VRF 単位のセッション制限機能については、次の項目で説明します。

「VPDN グループへの VPDN パラメータの適用」

「VPDN テンプレートの設定」

「VRF 単位のセッション制限機能の履歴」

「VRF 単位のセッション制限の制約事項」

「VRF 単位のセッション制限の要件」

「VRF 単位のセッション制限の設定」

「VRF 単位のセッション制限の設定確認」

「VRF 単位のセッション制限の設定例」

「VRF 単位のセッション制限のモニタリングおよびメンテナンス」

VPDN グループへの VPDN パラメータの適用

デフォルトでは、ルータは次の方法で、VPDN グループに VPDN パラメータを適用します。

各 VPDN グループに設定された VPDN パラメータは、常にその VPDN グループに適用されます。

VPDN テンプレート内で設定された VPDN パラメータは、各 VPDN グループ設定で指定されていない設定に適用されます。

VPDN パラメータのシステム デフォルト設定は、各 VPDN グループまたは VPDN テンプレートに設定されていない設定に適用されます。

no source vpdn-template コマンドを使用して VPDN テンプレートと VPDN グループの関連付けを解除すると、次の方法で VPDN グループに VPDN パラメータが適用されます。

各 VPDN グループに設定された VPDN パラメータは、常にその VPDN グループに適用されます。

VPDN パラメータのシステム デフォルト設定は、各 VPDN グループまたは VPDN テンプレートに設定されていない設定に適用されます。

VPDN テンプレートの設定

VPDN グループの設定に使用できるコマンドの中には、VPDN テンプレートの設定に使用できないものもあります。VPDN テンプレートの設定に使用できるコマンドのリストについては、『 Session Limit Per VRF 』Release 12.2(4)B フィーチャ モジュールの vpdn-template コマンド リファレンス ページを参照してください。

VRF 単位のセッション制限機能の履歴

 

Cisco IOS リリース
説明
必要な PRE

12.2(15)BX

この機能が Cisco IOS Release 12.2(15)BX に統合されました。

PRE2

12.3(7)XI1

この機能が Cisco IOS Release 12.3(7)XI1 に統合されました。

PRE2

12.2(28)SB

この機能が Cisco IOS Release 12.2(28)SB に統合されました。

PRE2

VRF 単位のセッション制限の制約事項

VRF 単位のセッション制限機能には、次の制約事項があります。

VPDN テンプレートのネストはサポートされていません。VPDN グループを一度に関連付けることができるのは、1 つの VPDN テンプレートのみです。名前付き VPDN テンプレートに VPDN グループを関連付けてから、別の VPDN テンプレートに同じ VPDN グループを関連付けると、VPDN グループは最初の VPDN テンプレートから解除されて、2 番めの VPDN テンプレートに関連付けられます。

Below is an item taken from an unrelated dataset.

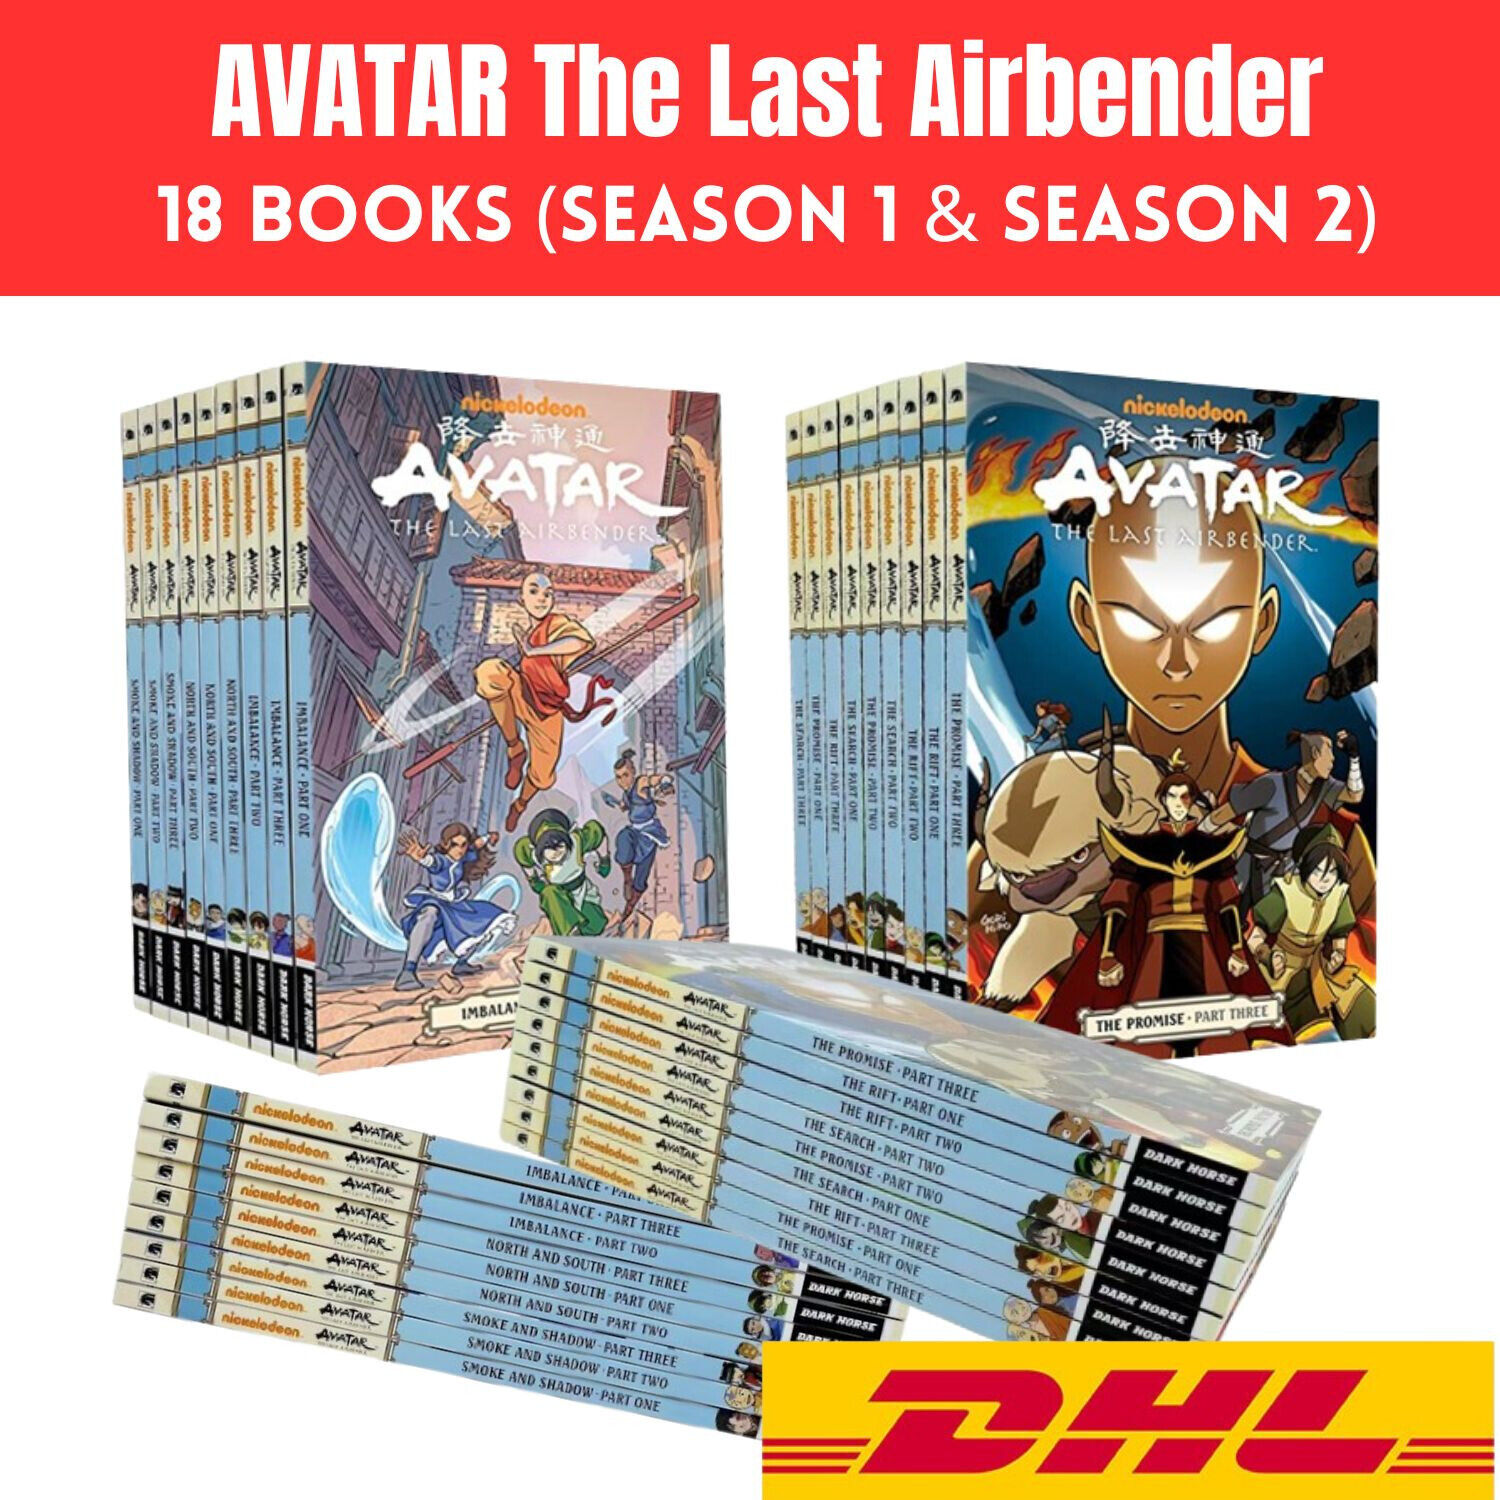 AVATAR The Last Airbender Cartoon Graphic English Comic (18 Books Complete Set)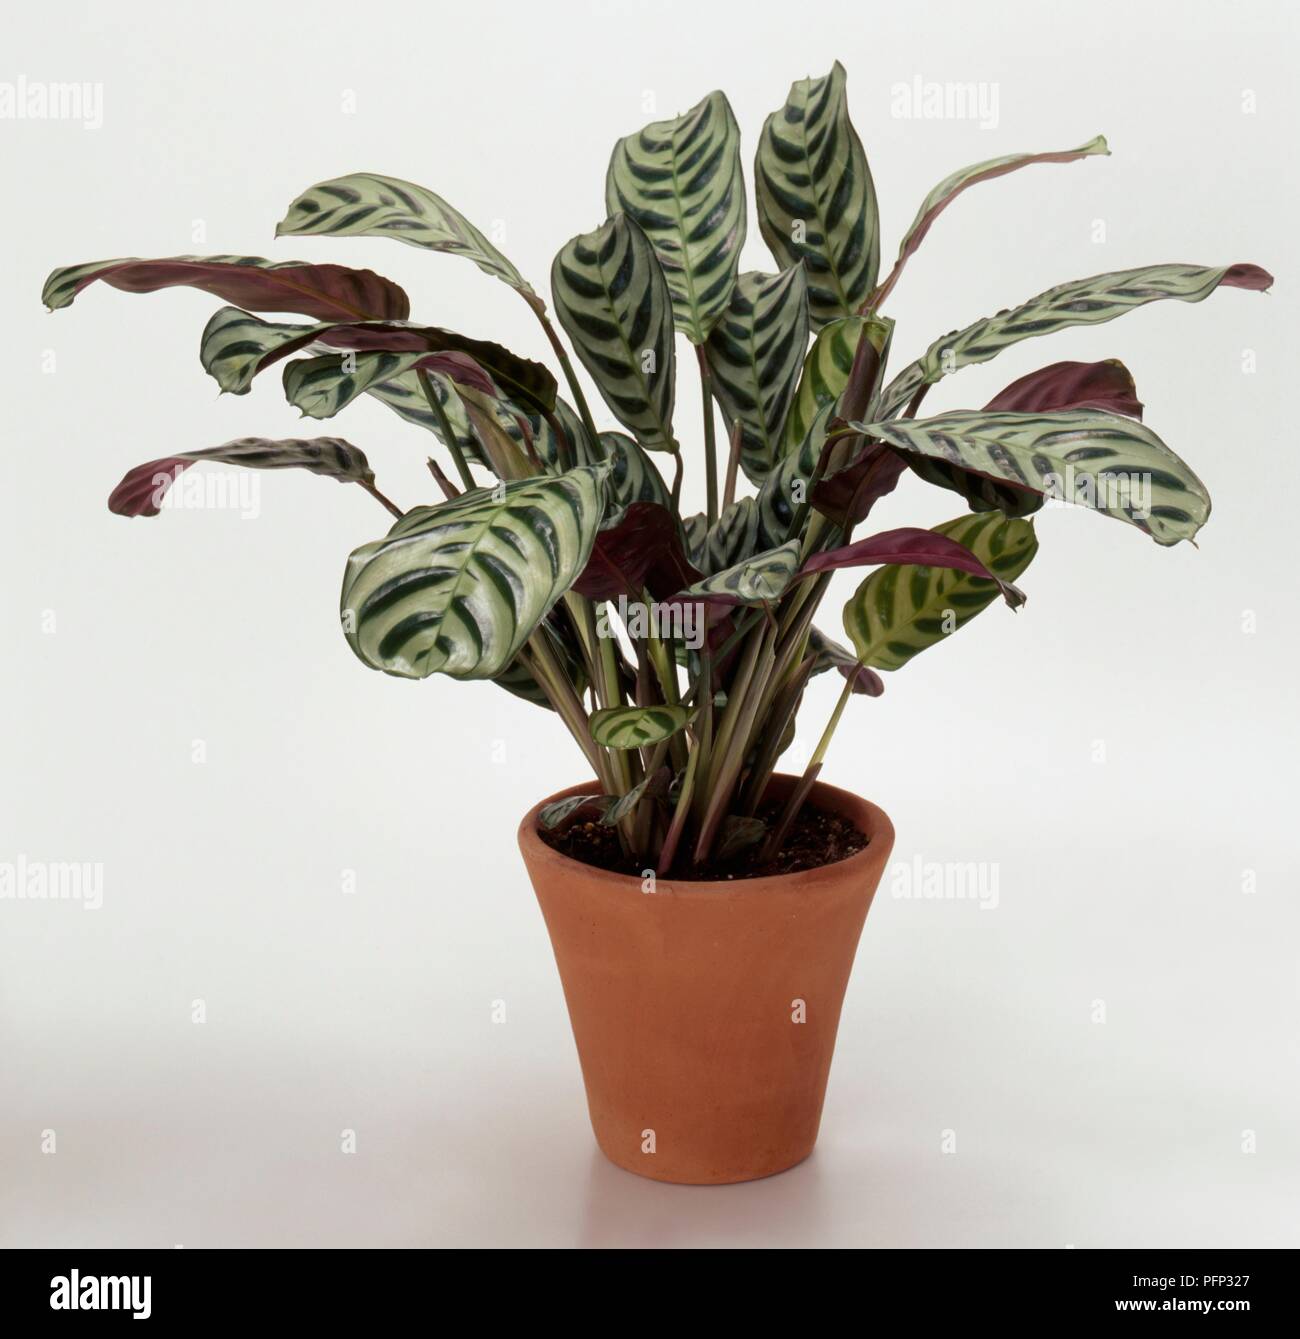 Gestreifte - Blatt Ctenanthe amabilis Pflanze in Terrakotta Topf  Stockfotografie - Alamy

まだ設定されていない名前付き VPDN テンプレートに VPDN グループを関連付けた場合、その VPDN グループではシステム デフォルトが使用されます。

session-limit グローバル コンフィギュレーション コマンドは、 group session-limit VPDN テンプレート設定コマンドよりも優先します。

VPDN グループの値が VPDN テンプレートの値よりも小さい場合、VPDN グループ セッション制限は VPDN テンプレート セッション制限よりも優先します。

VRF 単位のセッション制限の要件

VRF 単位のセッション制限機能には、次の要件があります。

ルータ上で VPDN がイネーブルであり、少なくとも 1 つの VPDN グループが設定されていること。VPDN 設定を確立する前に、ルータに L2TP 接続を行う必要があります。

VRF 単位のセッション制限の設定

Cisco 10000 シリーズ ルータに VRF 単位のセッション制限機能を設定するには、グローバル コンフィギュレーション モードを開始して次のコマンドを入力します。

 

コマンド
目的

ステップ 1

Router(config)# vpdn enable

ルータ上で VPDN ネットワーキングをイネーブルにして、ローカル データベース内およびリモート認証サーバ上にトンネル定義が存在する場合、これらを参照するようにルータに通知します。

ステップ 2

Router(config)# vpdn session-limit sessions

 

ルータに確立できる同時 VPN セッション数を制限します。

sessions オプションは、ルータに対して許可する同時 VPN セッション数の最大値です。有効値は、1~10000 です。

ステップ 3

Router(config)# vpdn-template template-name

VPDN テンプレートを設定し、VPDN グループ設定モードを開始します。

template-name オプションは、VPDN テンプレートの名前です。

ステップ 4

Router (config-vpdn)# group session-limit number

ステップ 3 で指定した VPDN テンプレートに関連付けられたすべての VPDN グループに対して許可される同時セッションの最大数を指定します。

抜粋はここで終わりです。